BEGIN DATA UNDER STUDY
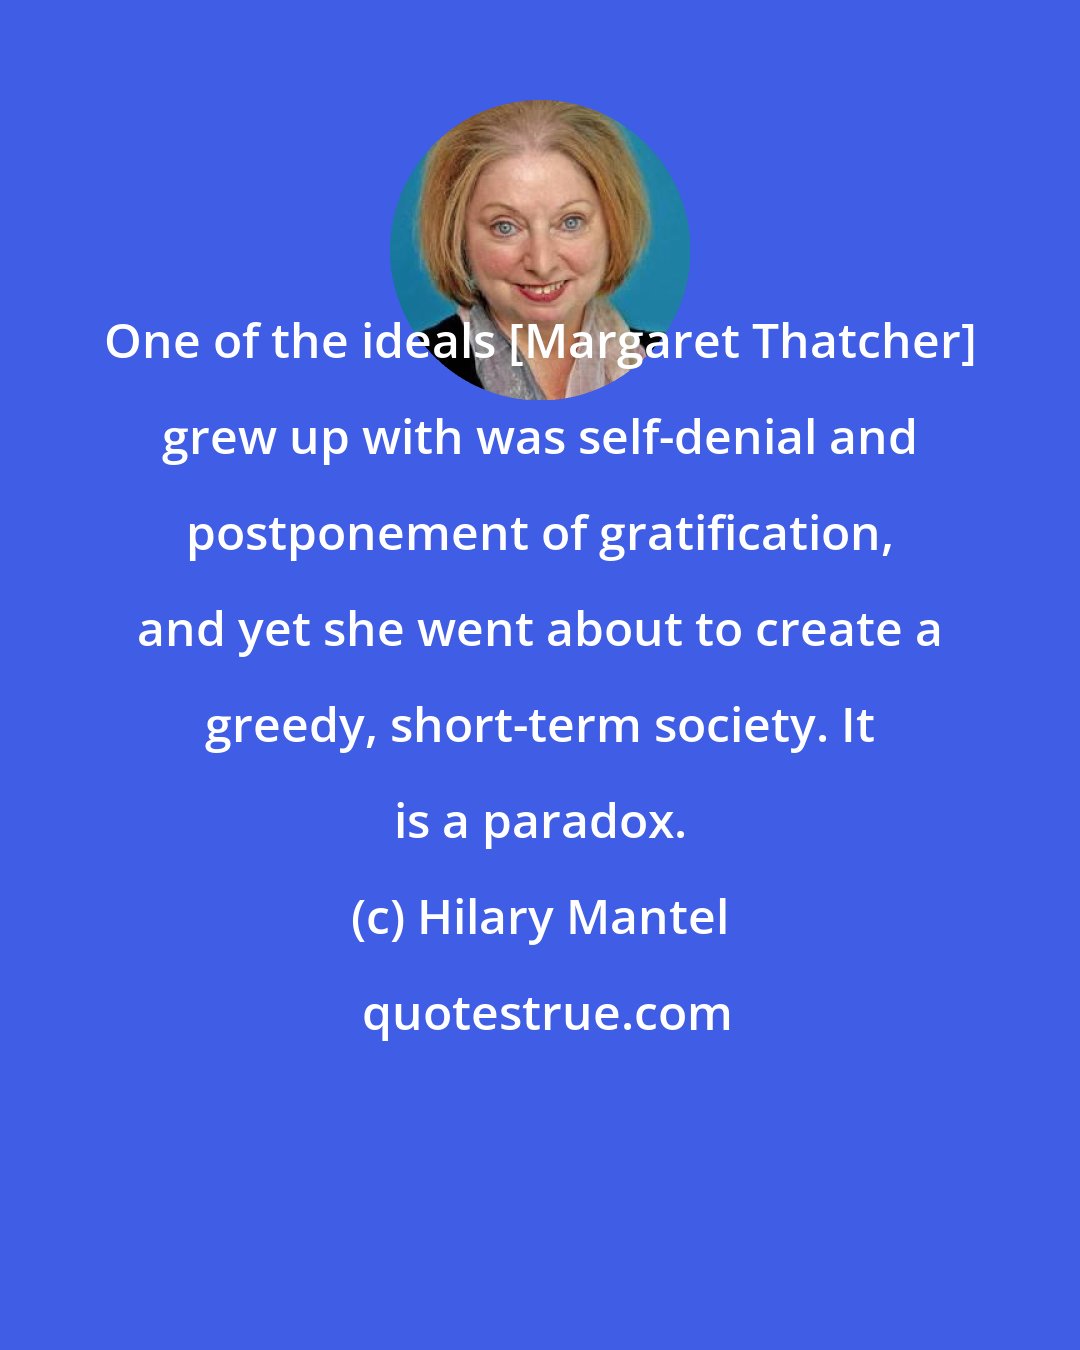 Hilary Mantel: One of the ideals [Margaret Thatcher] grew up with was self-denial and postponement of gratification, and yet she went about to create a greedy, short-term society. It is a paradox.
END DATA UNDER STUDY
BEGIN DATA UNDER STUDY
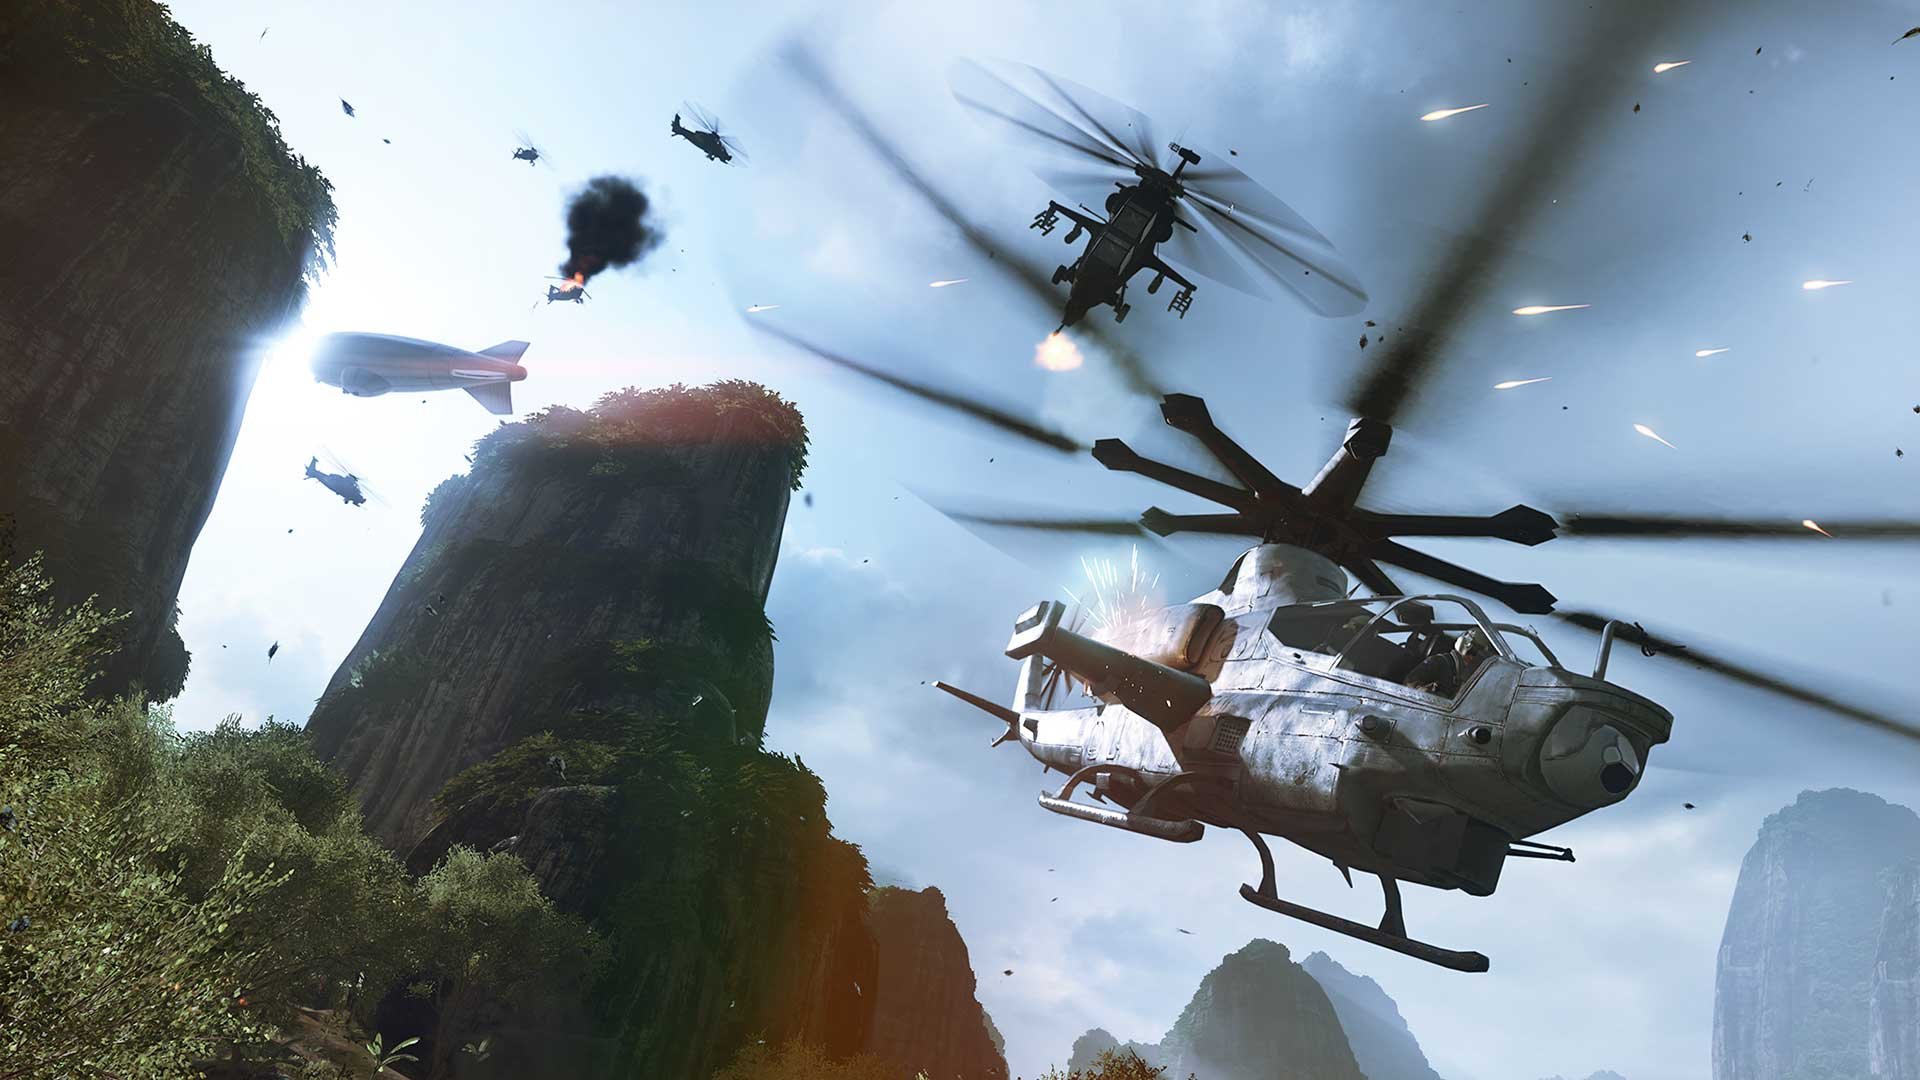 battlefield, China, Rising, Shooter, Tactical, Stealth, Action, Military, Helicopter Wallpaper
END DATA UNDER STUDY
BEGIN DATA UNDER STUDY
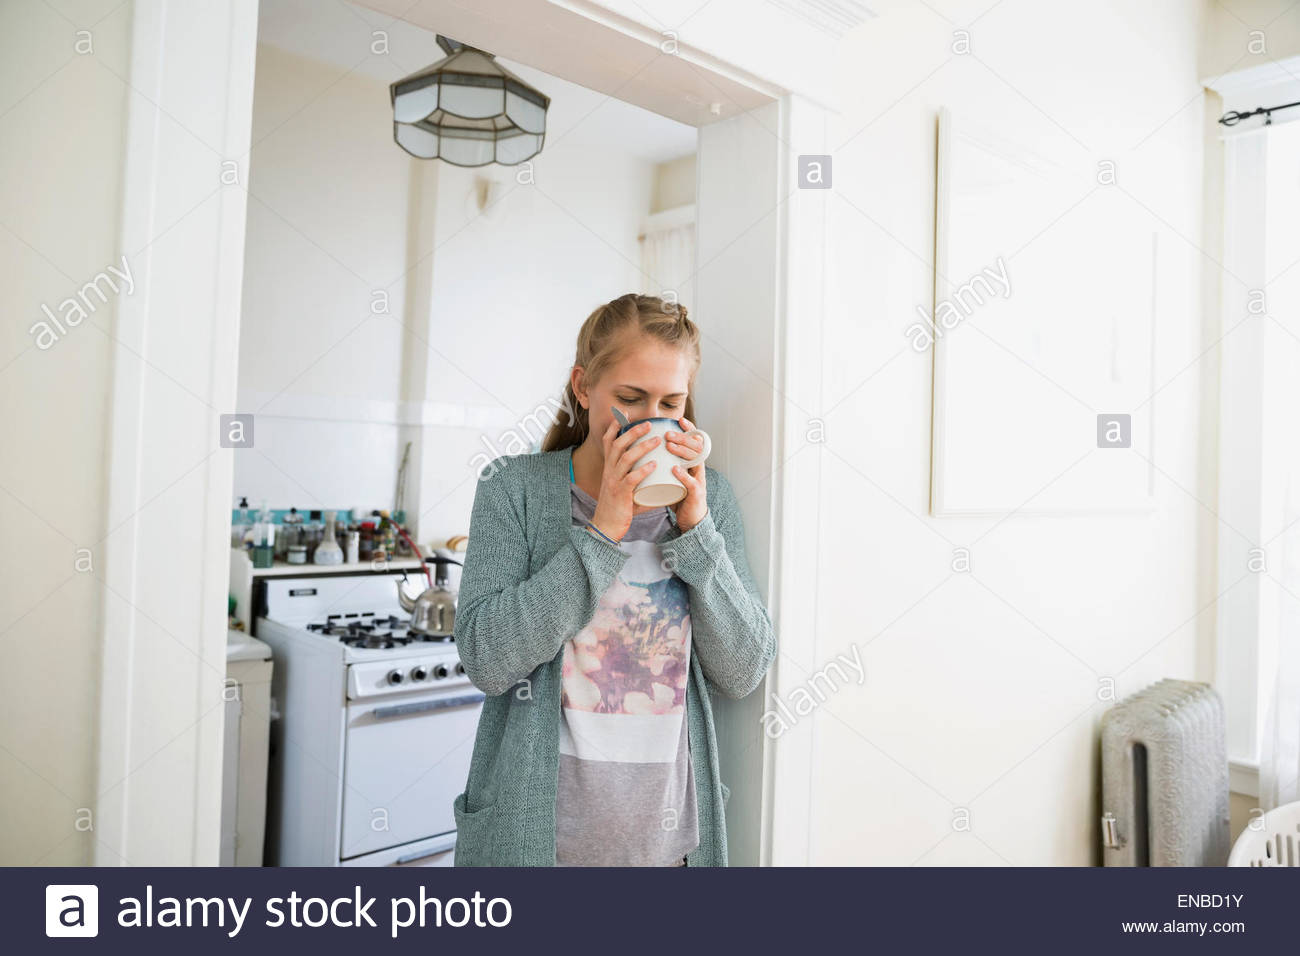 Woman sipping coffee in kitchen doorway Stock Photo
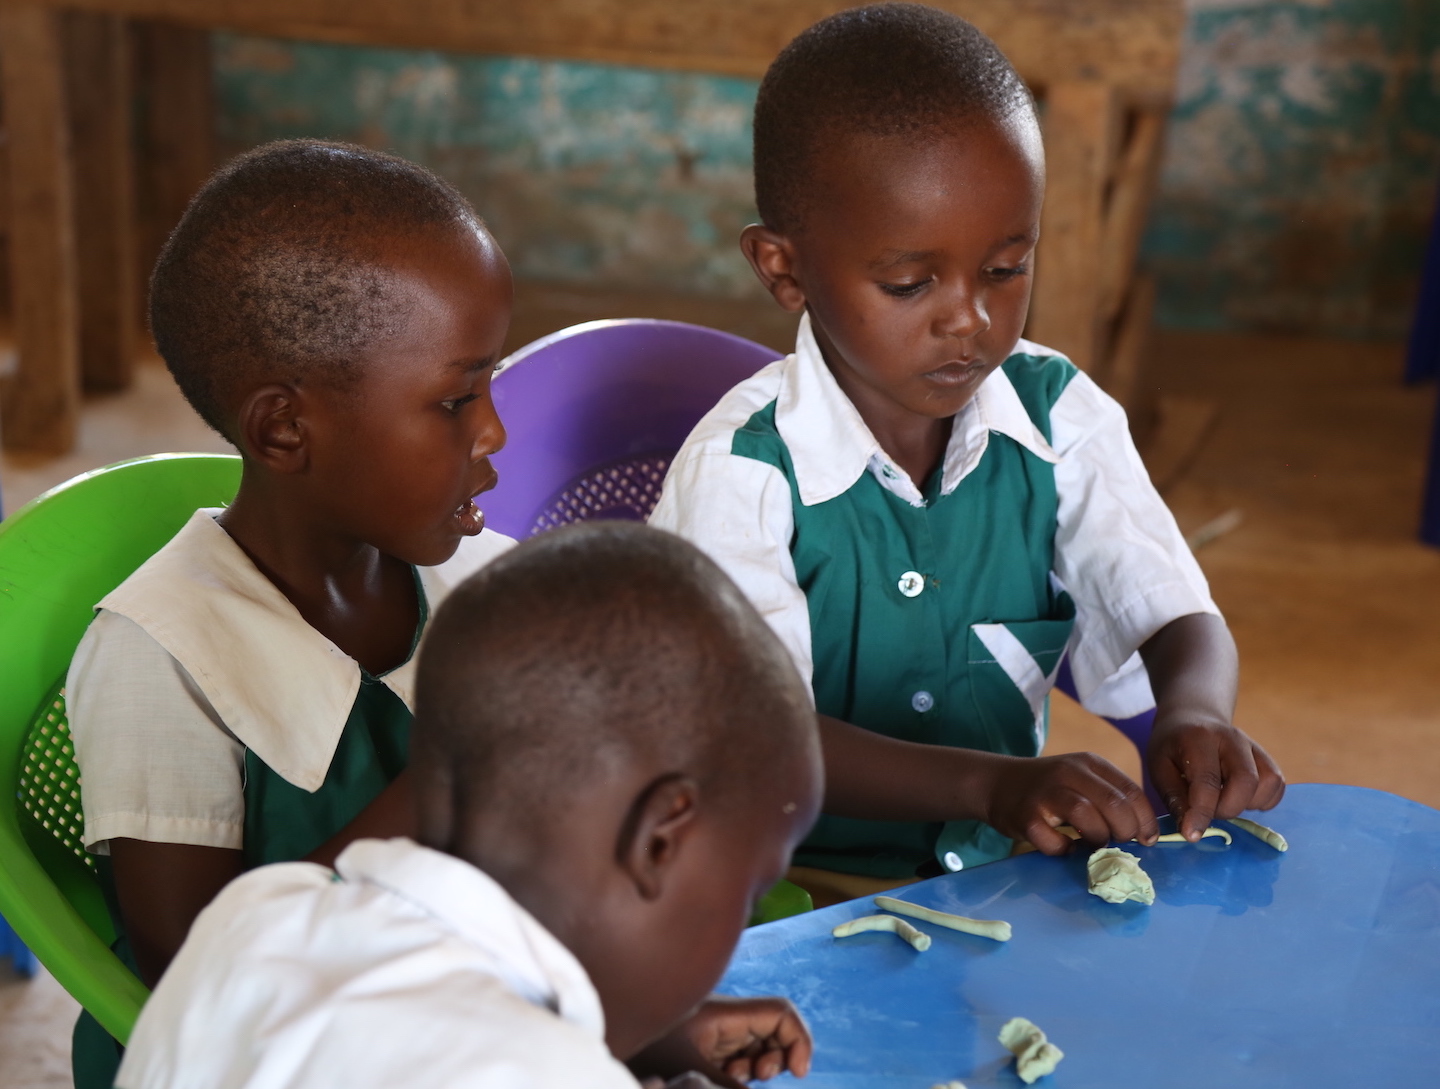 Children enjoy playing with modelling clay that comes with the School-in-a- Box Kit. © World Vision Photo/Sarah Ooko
END DATA UNDER STUDY
§ TASK ITEM:
How would the lines above read from the one with "Woman sipping coffee" to the one with "Children enjoy playing", inclusive, with no pictures? Write them out exactly.

§ YOUR RESPONSE:
 Woman sipping coffee in kitchen doorway Stock Photo
 Children enjoy playing with modelling clay that comes with the School-in-a- Box Kit. © World Vision Photo/Sarah Ooko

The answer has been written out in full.